Eric J Ma's Website

How to keep sharp with technical skills as a data science team lead

written by Eric J. Ma on 2024-02-25 | tags: data science leadership coaching mentorship continuous learning technical skills machine learning pair coding code review


I've been a data science team lead for 2.5 years now. Over that period, the team grew from myself + 1 to now myself + 5, with four co-ops cycling through our team. The amount of time that I spend on the following stuff has gradually decreased:

  • Developing and deploying models
  • Dissecting papers in-depth
  • Being the primary collaborator relationship holder

On the other hand, the amount of time that I spend on the following stuff has gradually increased:

  • Project Meetings
  • Reporting progress
  • 1:1 coaching and mentorship

Over time, I should expect my technical skills (mathematical modelling, software development, and scientific) to wane; indeed, Andy Grove makes this point in his book, High Output Management. But I'm determined not to let that happen -- only by maintaining those skills can I retain credibility with my teammates. If I do not practice Stephen Covey's and Jim Collins' 7th habit ("sharpen the saw"), how can I offer coaching, mentorship, and growth to those within my influence?

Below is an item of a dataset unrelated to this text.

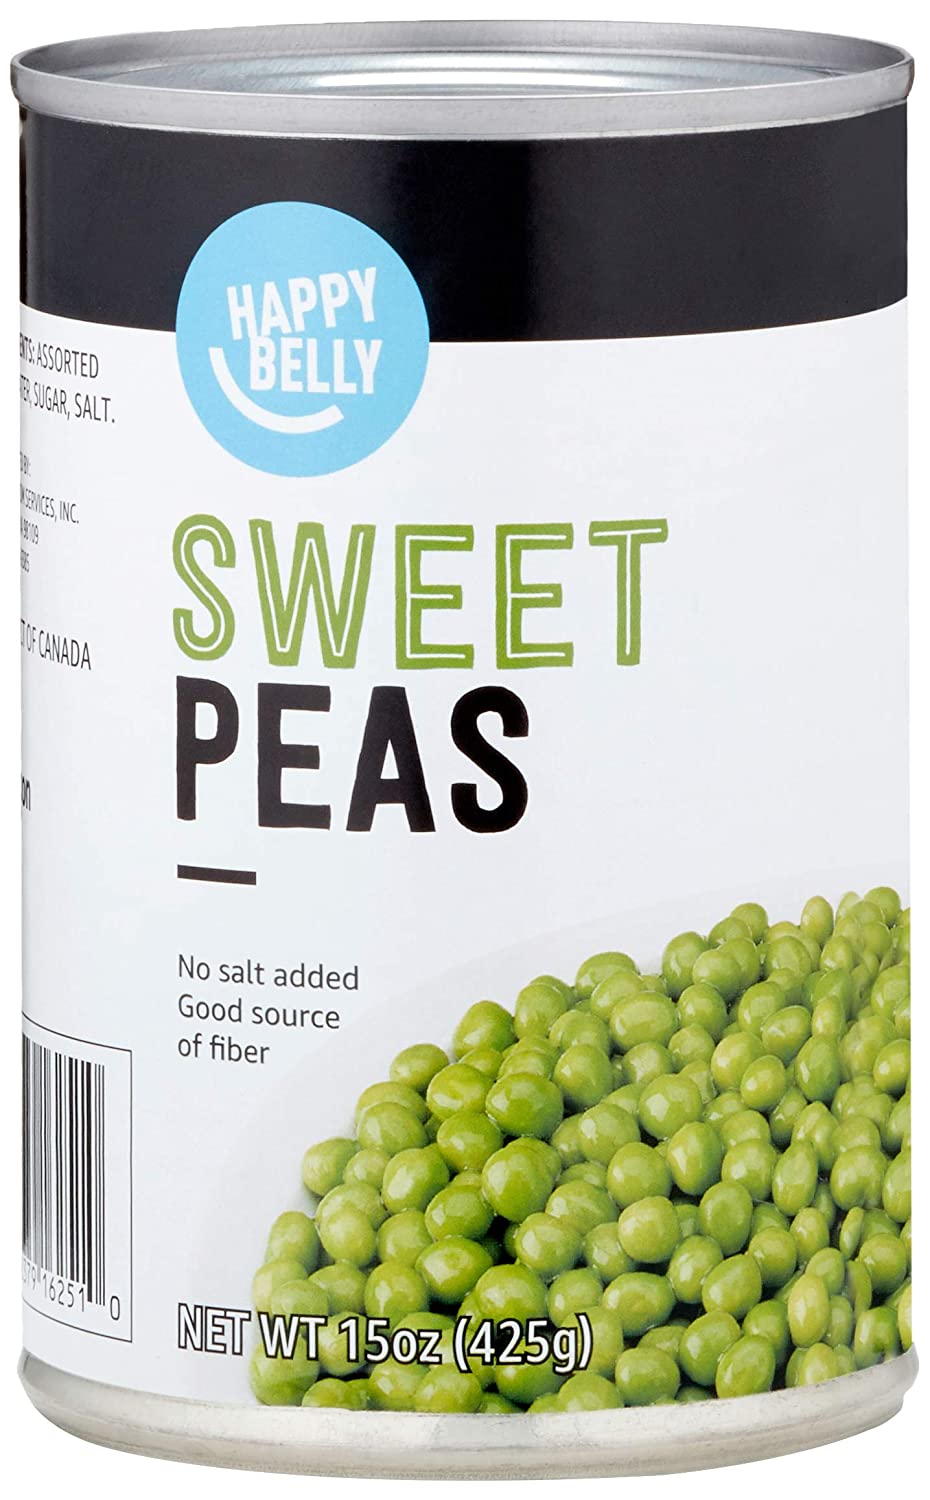 15-Oz Amazon Brand Happy Belly Sweet Peas (No Salt Added) $0.75 + Free Shipping w/ Prime or on orders $25+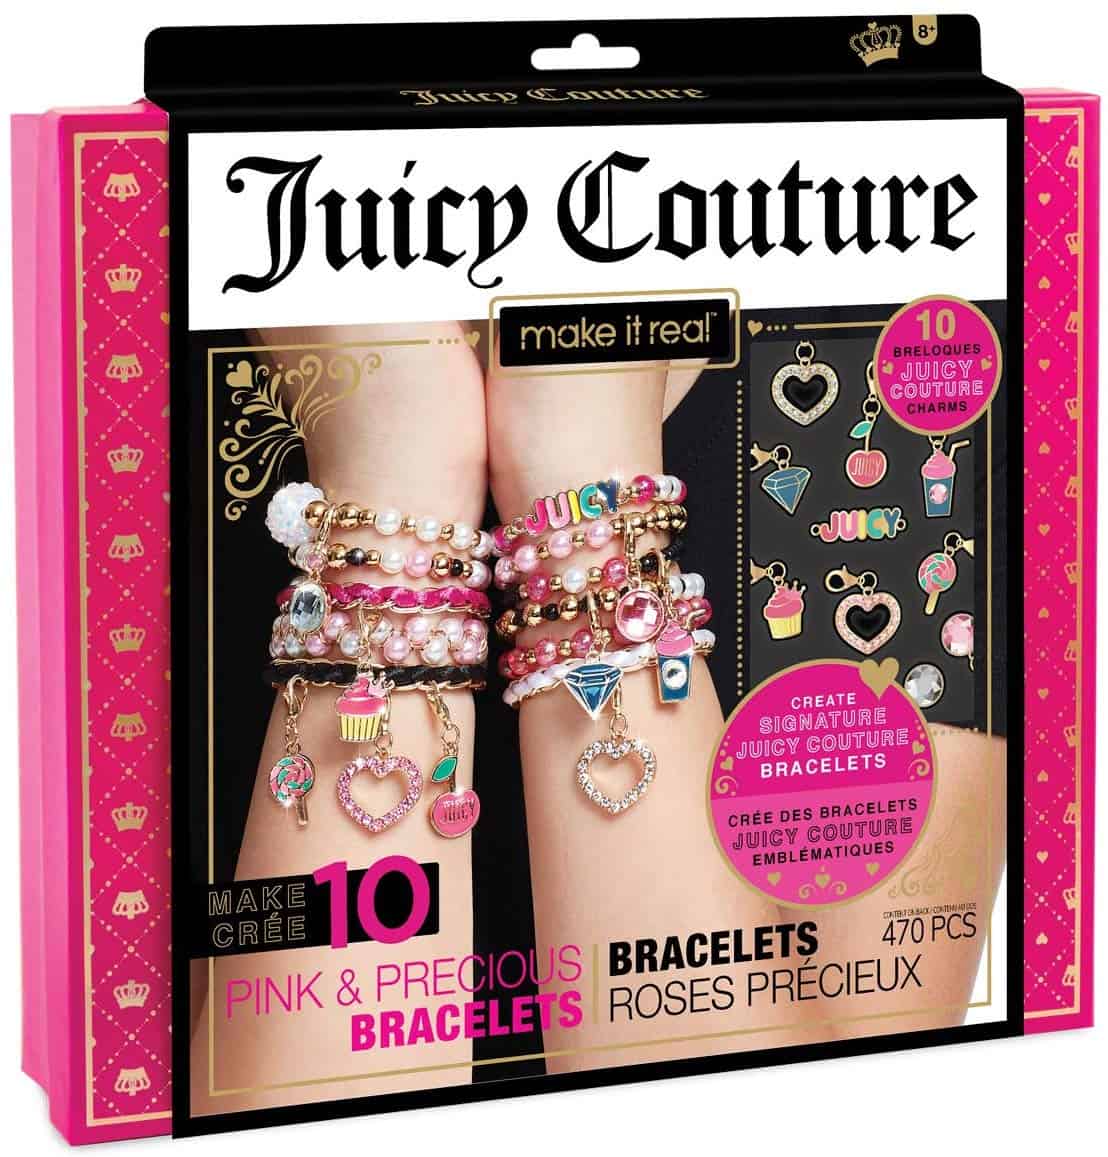 Make it real juicy couture pink and precious bracelets

Reflecting on my time in this role, I wanted to share some things that have worked for me.

Constraints

The primary constraint I have to deal with is time. That constraint becomes even more pronounced when one factors in two kids, one in preschool with set hours that bookends the day. Working long hours is not tenable in the long run. As such, maintaining technical skills means I have to be in perpetual learning mode from everyone around me.

Strategy 1: Opportunistically perform lower-level tasks

There are times when I will find an opportunity to perform lower-level tasks. One example of this might be working on a machine learning project that has the rough shape of using routine and automated ML methods, leveraging packages like pycaret or similar. Another example of this might be deploying a Compute task for a colleague. Doing these things occasionally (but not actively seeking them out routinely) has helped me to remain abreast of the challenges my teammates face when they do these things themselves. At the same time, they free up my teammates' mental bandwidth to focus on thinking deeper and executing excellently on challenging and fun problems.

Strategy 2: Pair coding

Pair coding is another strategy that I have used to keep my coding muscles warm. I remember a recent pair coding session where my teammate Marcus and I were doing some defensive exploratory data analysis. For two of the sessions we did, we switched roles multiple times based on where we were in our notebook -- him taking over when it was imaging-related code and me taking over when we hit the need to write pandas and matplotlib code. Apart from having a ton of fun figuring out the most method-chained way to write pandas data processing code, we also had a chance to share our thought processes in structuring pandas code and figuring out how to design dataframes to fit our problem.

Strategy 3: Code review

Code review is another place for me to stay sharp. With my teammates' work, I ask to be included as a reviewer on pull requests for their work. Doing so allows me to keep up-to-date on our team's work. Given the breadth of topics the team covers collectively, I may be unable to keep up with every last detail. Still, I have a chance to look for the key lines of code that map to critical concepts in my head to ensure I understand how those pieces are implemented.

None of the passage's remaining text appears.